Grandir ensemble « Laïcité, religions, éducation » est un fonds de dotation (Système qui se situe
entre association et fondation). Pour créer une fondation, il faut au minimum 1 Million d’€. Le fonds
de dotation est donc plus léger.
Kawaa grandir ensemble est un dispositif pour favoriser les rencontres conviviales de dialogue inter-
convictionnel. Rencontre entre humains et non entre représentants d’une religion.
2- Présentation du formateur
Eric Vinson [email protected] est le responsable scientifique d’Enquête, spécialiste du fait religieux
et de la laïcité.
En France, le mot laïcité est associé au mot religion. Il peut être un rempart pour certains afin de ne
pas prendre en compte les religions.
Il faut prendre en compte la diversité des faits religieux. En ce moment, on est obsédé par l’islam
mais de façon disproportionnée. Il y a un enjeu de trouver la juste mesure pour mettre cette
question à sa juste place. Il est indispensable d’aborder cette question dans une approche
systémique, en reliant les différentes disciplines concernées.
Constitution de 1958 : Démocratique, indivisible, sociale et laïque. Ces quatre éléments sont
indissociables.
Eric Vinson se dit « religiologue », avec une approche spécifique scientifique. Le religieux ne peut se
séparer du reste mais on ne peut pas le fondre dans le reste. Avoir les meilleurs outils intellectuels
pour comprendre les religions est important. Le religieux oblige à sortir des tranches, des domaines
de compétences, pour aller voir ce qui va rassembler (religare = relier) pour qu’il y ait harmonie. La
religion touche à toutes les disciplines => économie/géopolitique/histoire des arts…

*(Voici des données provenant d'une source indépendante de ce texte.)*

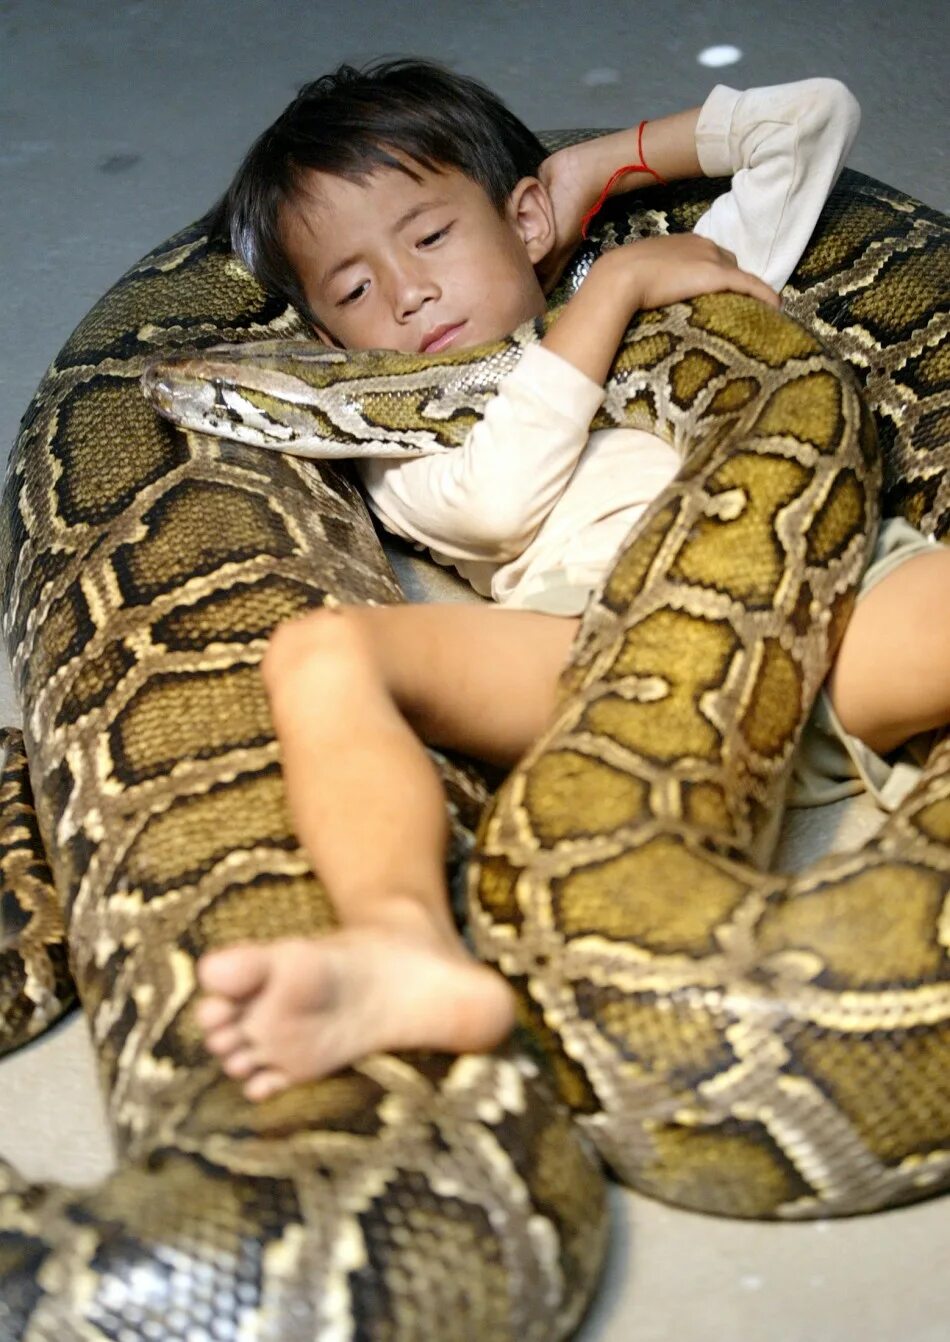 Ребенок держит змею

L’intérêt pour la religion mène à une réflexion sur la laïcité. Historiquement, elle est seconde. Elle est
régulation démocratique du fait religieux. En France, elle est même régulation républicaine. France
= démocratie particulière empreinte de république « à la française ».
Avant la religion était centrale. Nous vivons aujourd’hui dans des sociétés modernes sécularisées.
Depuis les années 50, le nombre de prêtes diminue. Il ya a moins de vocations. La société évolue ainsi
et c’est la sécularisation. Quelles sont les fonctions qui étaient occupées avant par les religions et qui
ne sont pas prises en charge aujourd’hui ?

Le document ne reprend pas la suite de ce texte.